Pre-calibration of Examiner
Data collection and exporting to the software were done by a maxillofacial radiologist who did not participate in measurement taking. All the measurements were recorded by a radiologist and a forensic odontologist and also an oral radiologist of similar experience in the field of Oral and Maxillofacial Radiology and forensic odontology. The two observers were blinded to the sex and age of the individual where no evidence of sex or age was visible in the included panoramic images. The two observers were also blinded to the measurements taken by each of them. The mean values taken by the two observers were calculated and subjected to statistical analysis.
In order to ensure the uniformity with which the analysis was undertaken, the investigator was presented with a random set of OPGs. The agreement analysis of inter-observers had values greater than 0.89, and the intra-observer agreement analysis had values ranging from 0.85 to 0.99. Most Kappa values were interpreted to represent from substantial agreement to almost perfect agreement. The study had high values in the inter- and intra-observer analysis, showing good accuracy in the measurements made for the same person or for more than one observer.
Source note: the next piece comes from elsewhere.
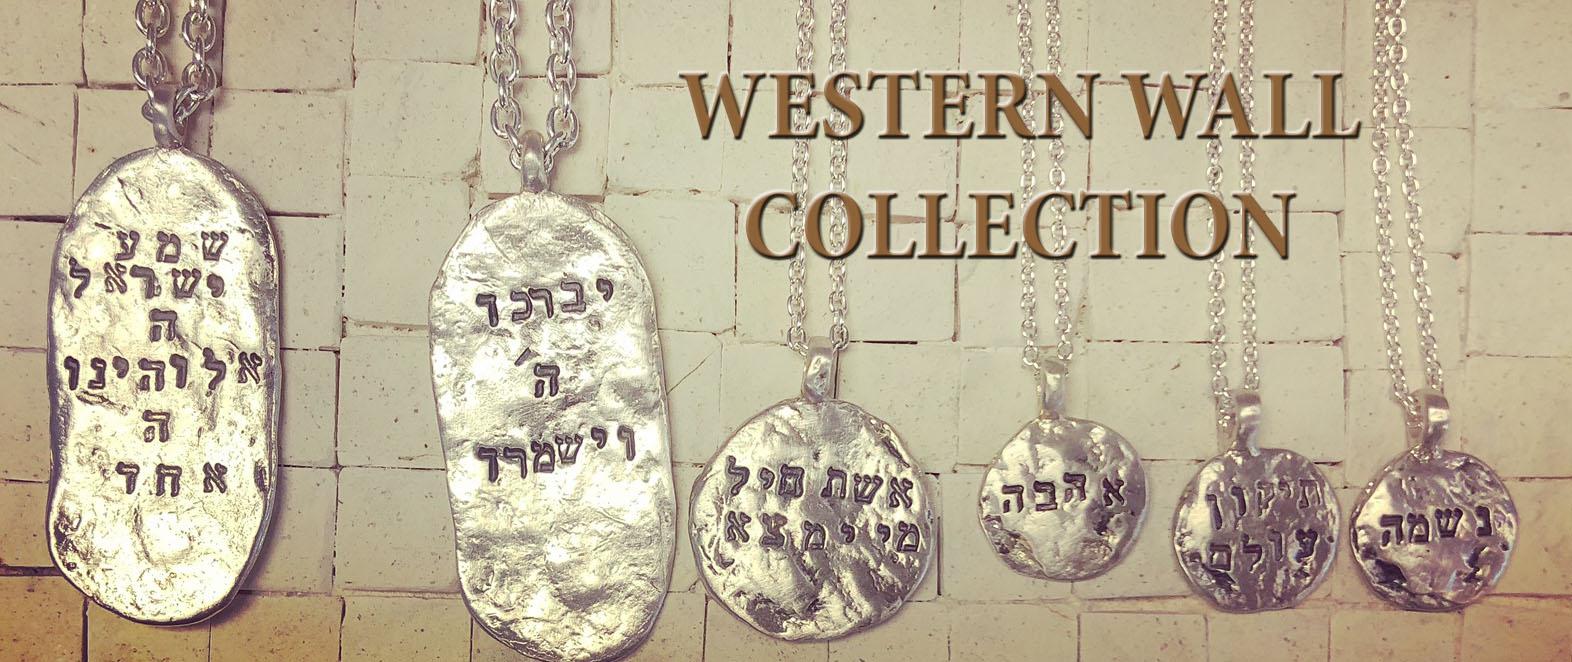 WesternWall_2

For sex estimation using ramus flexure (Table 1, the samples that were correctly classified as females was 59.5% (119) and as males was 57.5% (115) of the cases. The overall correct sex estimation was 58.5% of all the cases.
Table 1. Sample size distribution.
| Study Groups | Age group | Male | Female |
|---|---|---|---|
| Group 1 | 20-30 years | 40 | 40 |
| Group 2 | 31-40 years | 40 | 40 |
| Group 3 | 41-50 years | 40 | 40 |
| Group 4 | 51-60 years | 40 | 40 |
| Group 5 | 61-70 years | 40 | 40 |
| Total | 200 | 200 |
DISCUSSION
A distinct angulation of the posterior border of the mandibular ramus is termed ramus flexure. This distinct angulation present at the level of the occlusal surface of the molars is seen in adult males. In most females, the posterior border of the ramus is straight (also seen in juvenile mandibles) or, if flexure is observed, it was found to occur at a higher point near the neck of the condyle or below the level of the teeth in cases with gonial prominence or eversion.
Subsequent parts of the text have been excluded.